Sunday, July 24, 2016

Luke 20:36, Angels, and Immortality

Written 7/17/03 and edited 6/27/16; 7/24/16; 8/6/16.

The Greek is οὐδὲ γὰρ ἀποθανεῖν ἔτι δύνανται, ἰσάγγελοι γάρ εἰσιν, καὶ υἱοί εἰσιν θεοῦ τῆς ἀναστάσεως υἱοὶ ὄντες (WH).

This portion of the Lukan verse has, for some time, perplexed me. But I'd rather not get into the aporetic facets of this passage since it would force me to speculate on what Luke might have intended, thus carrying me beyond what the Greek found in the account putatively states.

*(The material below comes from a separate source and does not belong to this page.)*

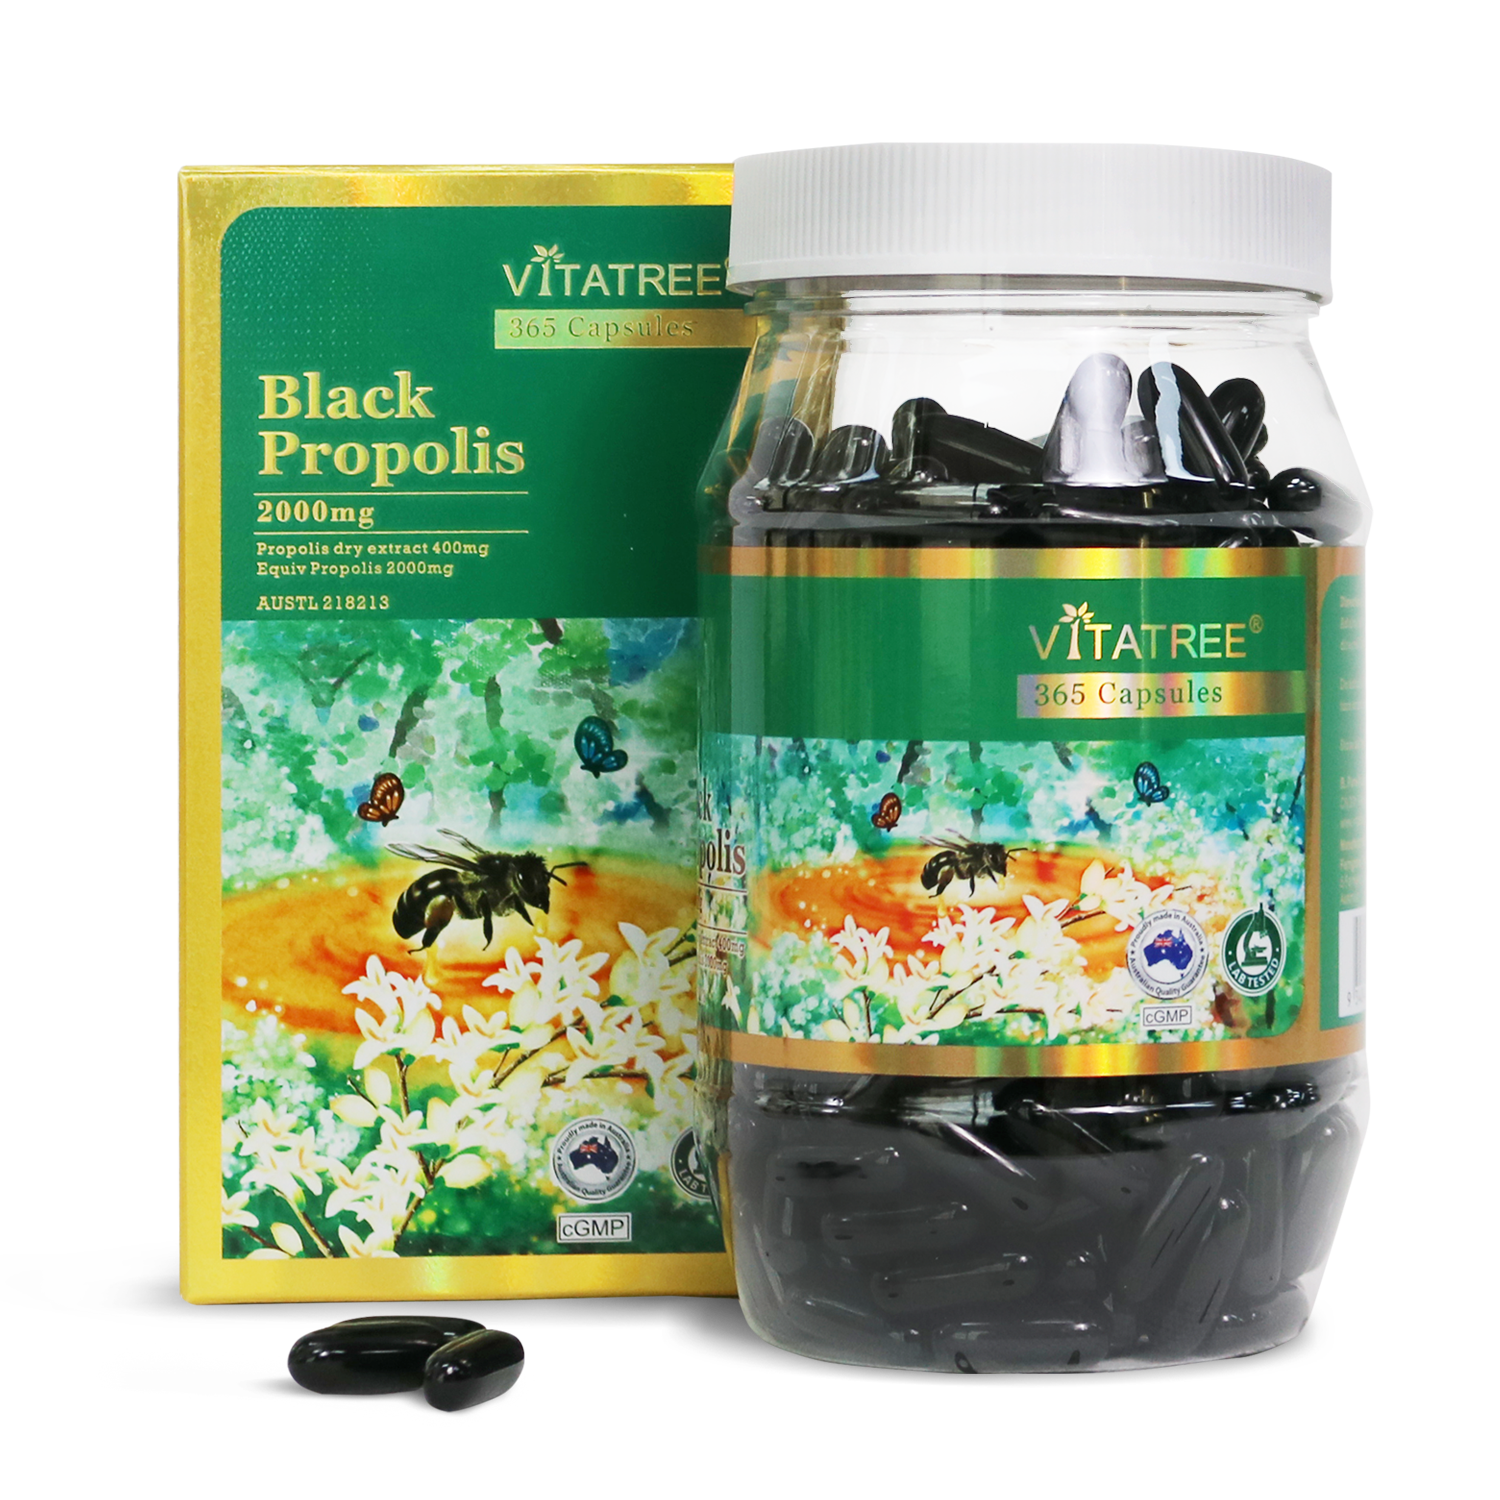 Viên uống Keo ong đen Vitatree Black Propolis 2000mg, hộp 365 vien, nhập khẩu Úc

Suffice to say that angels are evidently not immortal. The only beings that seem to possess immortality (i.e., the quality of deathlessness, indestructibility, and autarchy qua life) are God the Father (Hab. 1:12); the Risen Christ (Rom. 6:9-10; Heb. 7:16) and Christians who participate via divine χάρις in the first resurrection from the dead (1 Cor. 15:53-54). But immortality is never predicated of the angels by any scriptural writer. In fact, some angels actually sinned and apostatized from God, including the one called Devil and Satan (2 Pet. 2:4; Jude 6; Rev. 12:9). These beings now stand on death row, as it were: it thus seems that angels are not inherently immortal.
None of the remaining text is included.